Clinical research workflows often fail in the field not because the science is weak, but because eligible patients are missed during busy operational care. If crews have to remember separate inclusion criteria, separate consent scripts, and separate enrolment logs while treating the patient, trial participation becomes inconsistent and hard to audit.

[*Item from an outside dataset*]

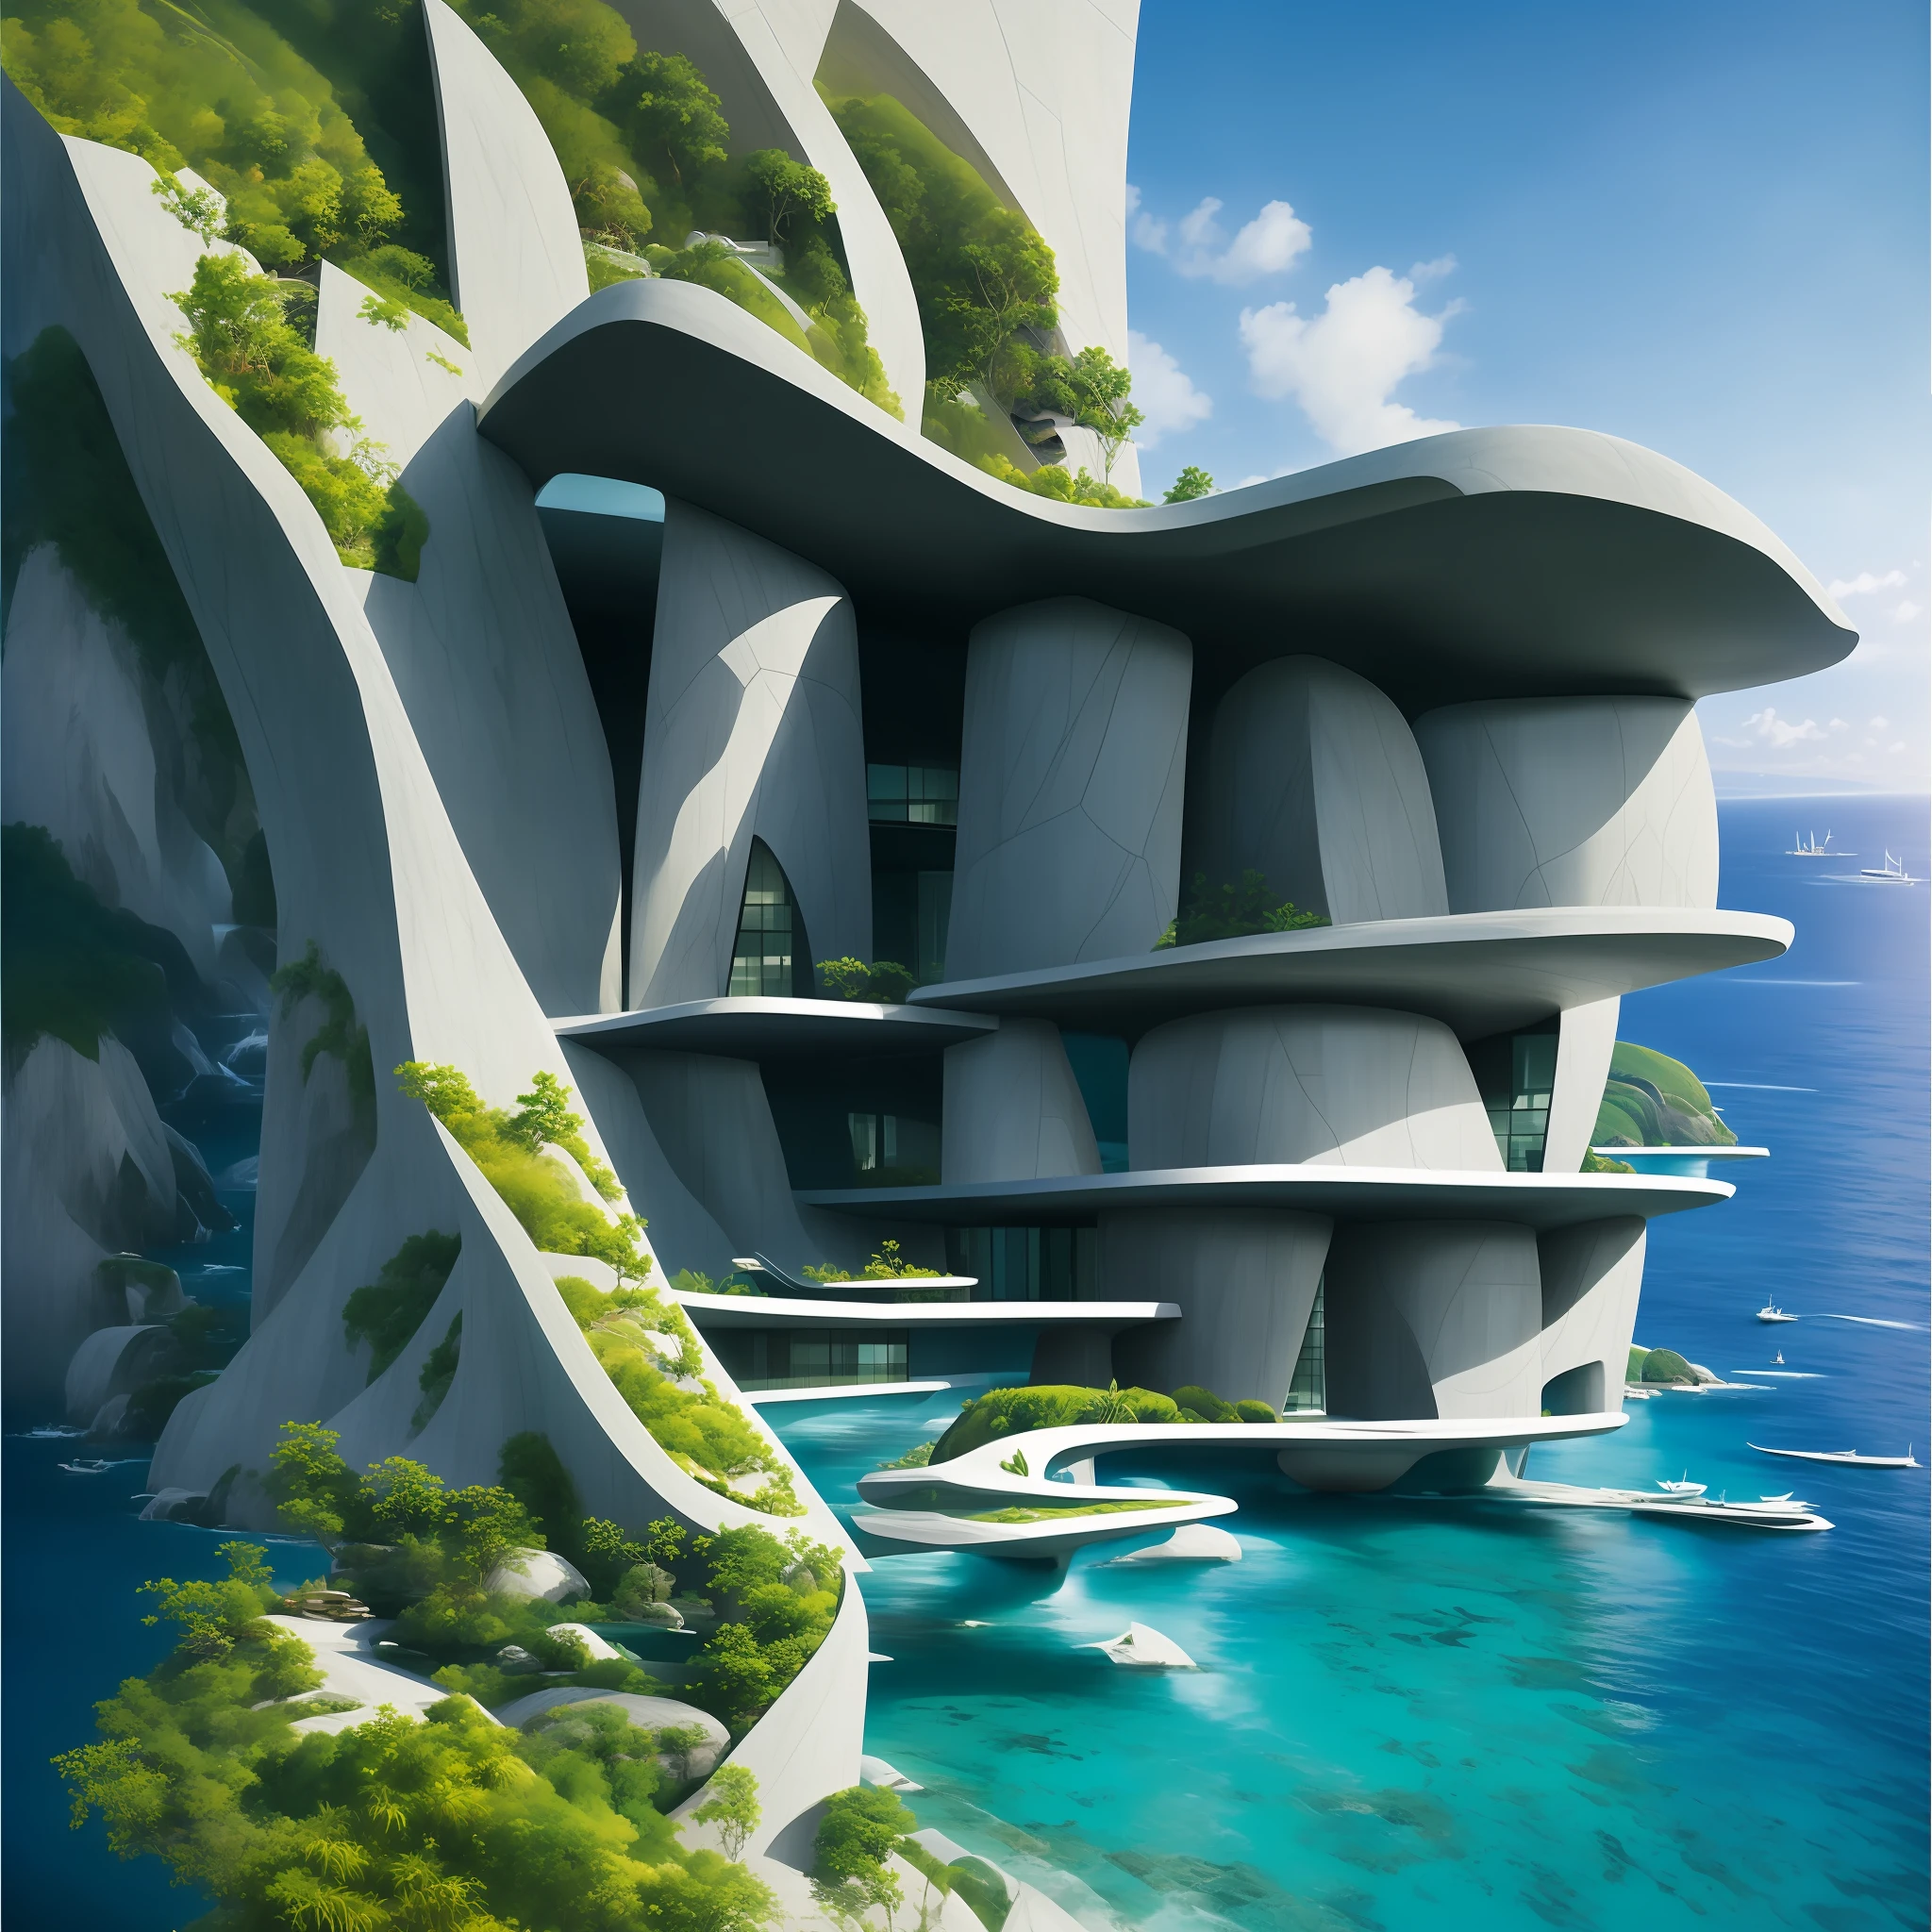 現代未來派設計的大型懸崖房屋，中間有人工瀑布和水池, 自然與建築相遇, 圍繞藍海而建, 現實的蜂巢建築, 有機建築, 非常接近真實的自然, 令人驚嘆的渲染, 有洞穴的島嶼, 令人驚嘆的建築, 豪華建築, 現實幻想渲染, by Zha Shibiao, 史詩般的和令人驚嘆的, 建築視覺化, 史詩建築, 概念藝術. 8k

The ePCR Clinical Trial Enrolment module brings that workflow into the clinical encounter. Services can register active trials with machine-readable eligibility criteria, screen a live encounter against those criteria, capture the consent decision, and maintain a CONSORT-style enrolment flow from eligibility through enrolment without creating a parallel paper process.

```mermaid
flowchart TD
    A[Active Trial Registry] --> B[Encounter Opened]
    B --> C[Eligibility Screening]
    C --> D{Eligible?}
    D -->|No| E[Not Enrolled]
    D -->|Yes| F[Consent Discussion]
    F --> G{Decision}
    G -->|Consented| H[Enrolled]
    G -->|Declined| I[Declined]
    G -->|Unable to Consent| J[Unable to Consent]
    H --> K[CONSORT Flow Record]
    I --> K
    J --> K
```

**Last Reviewed:** 2026-04-17
**Last Updated:** 2026-04-17

## Key Features

- **Trial Registry**: Register trials with sponsor, principal-investigator, active window, and eligibility rules.
- **Machine-Readable Screening**: Screen the active encounter against inclusion and exclusion criteria instead of relying on memory alone.
- **Encounter-Level Match Reasons**: Show why a patient matched a trial so the clinician can understand the screening result quickly.
- **Consent Decision Capture**: Record whether the patient consented, declined, or was unable to consent.
- **Structured Consent Script Support**: Present trial-specific consent guidance in a controlled operational flow.
- **CONSORT-Style Flow Tracking**: Maintain a structured view of assessed, eligible, consented, and enrolled patients for governance and reporting.
- **Organisation Scoping**: Keep trial enrolment activity isolated to the service or organisation running the study.

## Use Cases

- **Time-Critical Pre-Hospital Research**: A live encounter is screened for a study while the clinician is still in the operational workflow.
- **Service-Led Research Programme**: A regional ambulance service runs multiple concurrent studies without separate field paperwork for each one.
- **Governance Review**: Research leads review how many eligible patients were identified, declined, or enrolled for a given trial.
- **Audit-Ready Enrolment Flow**: A sponsor or oversight body receives a structured record of screening and consent outcomes.

## Integration

- **Electronic Patient Care Report Clinical Workspace**: Screening and decision capture happen in the same encounter context as routine care documentation.
- **Signed Documents and Consent Workflows**: Enrolment decisions can align with the service's broader consent and signature processes.
- **Outcome and Research Export Workflows**: Enrolment status can later support research analysis and governance reporting.
- **Identity and Governance Services**: Trial activity can be restricted to the correct service, study team, and oversight users.

## Open Standards

- **CONSORT**: enrolment and reporting can align with the recognised trial-flow model for screened, eligible, and enrolled participants.
- **HL7 FHIR ResearchStudy**: trial definitions can align with the common healthcare-resource model for study metadata.
- **HL7 FHIR ResearchSubject**: enrolled patients can align with a standard representation of study participation.
- **HL7 FHIR Consent**: consent decisions can align with a standard way of representing permissions and restrictions.
- **ISO 14155**: operational use can align with the recognised good-clinical-practice framework for medical-device and clinical investigation workflows.
- **ISO 8601**: screening and consent timestamps use a standard date-time representation.